Merideth did not move or speak. Alex took Snake’s hand, as he had taken Jesse’s, and kissed it. Snake drew back, wanting no thanks for this night’s work.

“I should have stayed with her,” Merideth said.

“Merry, she didn’t want us to.”

Snake saw that Merideth would always imagine what had happened, a thousand ways, each more horrible than the last, unless she stopped the fantasy.

“I hope you can believe this, Merideth,” she said. “Jesse said, ‘Merry took the pain away,’ and a moment later, just before my cobra struck, she died. Instantly. A blood vessel broke in her brain. She never felt it. She never felt Mist. Gods witness it, I believe that to be the truth.”

“It would have been the same, no matter what we did?”

“Yes.”

That seemed to change things for Merideth, enough to accept. It did not change anything for Snake. She still knew she would have been the cause of Jesse’s death. Seeing the self-hatred vanish from Merideth’s face, Snake started toward the crumbled part of the canyon wall where the slope led up to the lava plain.

“Where are you going?” Alex caught up to her.

“Back to my camp,” she said dully.

“Please wait. Jesse wanted to give you something.”

If he had said Jesse had asked them to give her a gift, she would have refused, but, somehow, that Jesse left it herself made a difference. Unwillingly, she stopped. “I can’t,” she said. “Alex, let me go.”

He turned her gently and guided her back to the camp. Merideth was gone, and in the tent with Jesse’s body or grieving alone.

Jesse had left her a horse, a dark-gray mare, almost black, a fine-boned animal with the look of speed and spirit. Despite herself, despite knowing it was not a healer’s horse, Snake’s hands and heart went out to her. The mare seemed to Snake the only thing she had seen in — she could not think how long — that was beauty and strength alone, unmarked by tragedy.

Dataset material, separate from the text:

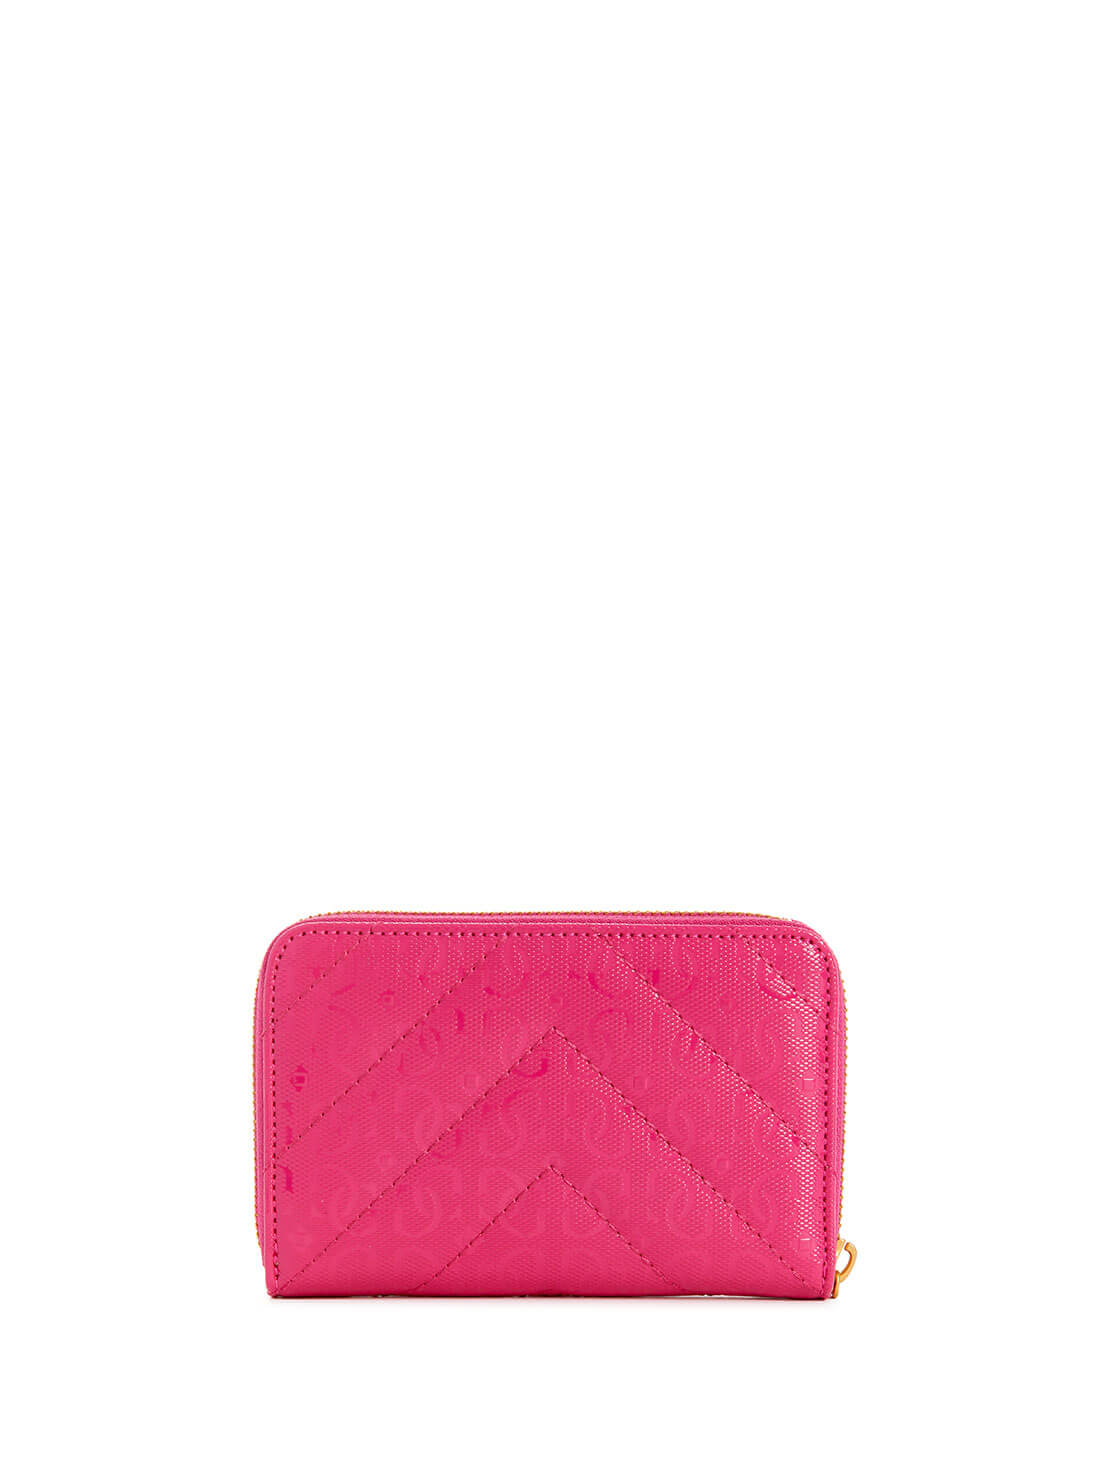 Women's Fuchsia Pink Jania Logo Medium Wallet back view

Alex gave her the reins and she closed her hands around the soft leather. The bridle was inlaid with gold in Merideth’s delicate filigree style.

“Her name is Swift,” Alex said.

Snake was alone, on the long trek to cross the lava before morning. The mare’s hooves rang on the hollow-sounding stone, and the leather case rubbed against Snake’s leg from behind.

She knew she could not return to the healers’ station. Not yet. Tonight had proved that she could not stop being a healer, no matter how inadequate her tools. If her teachers took Mist and Sand and cast her out, she knew she could not bear it. She would go mad with the knowledge that in this town, or that camp, sickness or death occurred that she could have cured or prevented or made more tolerable. She would always try to do something.